Name Type Description Default
collection str

Collection name

required
where Dict[str, Any]

Primary key condition, e.g. {"user_id": "U001"}

required
schema Optional[BaseMolecule]

Optional RelationalTable schema for validation

None

Returns:

Type Description
Dict[str, Any]

Dict with delete status and info

Raises:

Type Description
ValueError

If missing PK in where

CollectionNotFoundError

If row not found

Example

await hb.delete_row("users", where={"user_id": "U001"})

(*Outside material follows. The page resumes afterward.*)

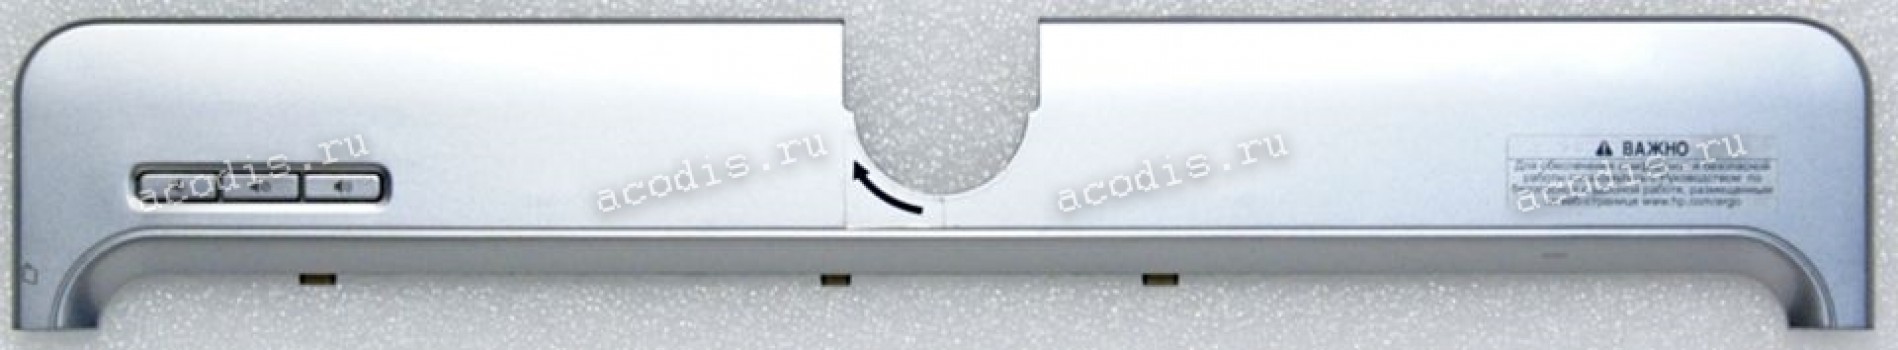 Верх. рамка клавиатуры HP Pavilion TX2000, TX2500 серебристая (464115-001)

upsert(collection, *, row, schema) async

Insert or update a row.

If a row with matching primary key exists, update it. Otherwise, insert as new row.

Parameters:

Name Type Description Default
collection str

Collection name

required
row Dict[str, Any]

Row data including primary key

required
schema BaseMolecule

RelationalTable schema (required for PK info)

required

Returns:

Type Description
UpsertResult

UpsertResult indicating whether inserted or updated

Example

await hb.upsert( ... "users", ... row={"user_id": "U001", "email": "new@example.com", "name": "Alice"}, ... schema=users_schema, ... )


Method Categories

Health & Status

Method Description
ping() Check server connectivity
is_ready() Check if server is ready
auth_status() Get authentication status

Collection Management

Method Description
collection(name) Get Collection fluent API
list_collections() List all collections with metadata
list_collection_names() List collection names only (convenience)
get_collection_info(name) Get collection metadata
get_collection_stats(name) Get detailed statistics
delete_collection(name) Delete a collection

Data Ingestion

Method Description
ingest(source, collection, schema) Ingest CSV, DataFrame, or documents

Search Operations

Method Description
search(query, collection) Semantic similarity search
bundle_search(values, field, collection) Search similar to any example
search_prototype(examples, collection) Search using examples as a prototype
analogy(a, b, c, field, collection) Analogical reasoning (A:B :: C:?)

SQL-like Operations

Method Description
select(conditions, collection) Filter with conditions
aggregate(group_by, field, function) GROUP BY aggregation
join(collection, target, on) Cross-collection JOIN

Graph Operations

Method Description
multihop(start, path, collection) Multi-hop traversal

RAG Operations

Method Description
get_context(query, collection) Retrieve context for LLM
ask(query, collection) End-to-end RAG query

Compose Operations

Method Description
query(collection, schema) Get ComposeQuery builder
intersect(source, target) Define cross-collection relationship (strict mode)
intersect_flexible(source, target) Define cross-encoding relationship (flexible mode)
populate_links(intersection, df, ...) Populate links for flexible intersection

CRUD Operations (RelationalTable)

These methods provide SQL-like row operations for RelationalTable schemas.

Method Description
insert_row(collection, row, schema) Insert a single row
get_row(collection, pk_field, pk_value) Get row by primary key
update(collection, where, set, schema) Update row atomically
delete(collection, where, schema) Delete row by primary key
upsert(collection, row, schema) Insert or update row

Example:

from hybi.compose import RelationalTable, Field, Encoding

schema = RelationalTable(
    columns={
        "user_id": Field(encoding=Encoding.EXACT),
        "email": Field(encoding=Encoding.EXACT),
        "name": Field(encoding=Encoding.SEMANTIC),
    },
    primary_key="user_id",
)

# Insert
hb.insert_row("users", row={"user_id": "U001", "email": "a@test.com", "name": "Alice"}, schema=schema)

# Get
row = hb.get_row("users", pk_field="user_id", pk_value="U001")

# Update
hb.update("users", where={"user_id": "U001"}, set={"email": "new@test.com"}, schema=schema)

# Delete
hb.delete("users", where={"user_id": "U001"}, schema=schema)

# Upsert (insert or update)
hb.upsert("users", row={"user_id": "U001", "email": "upsert@test.com", "name": "Alice"}, schema=schema)

See RelationalTable for more details on schema definition.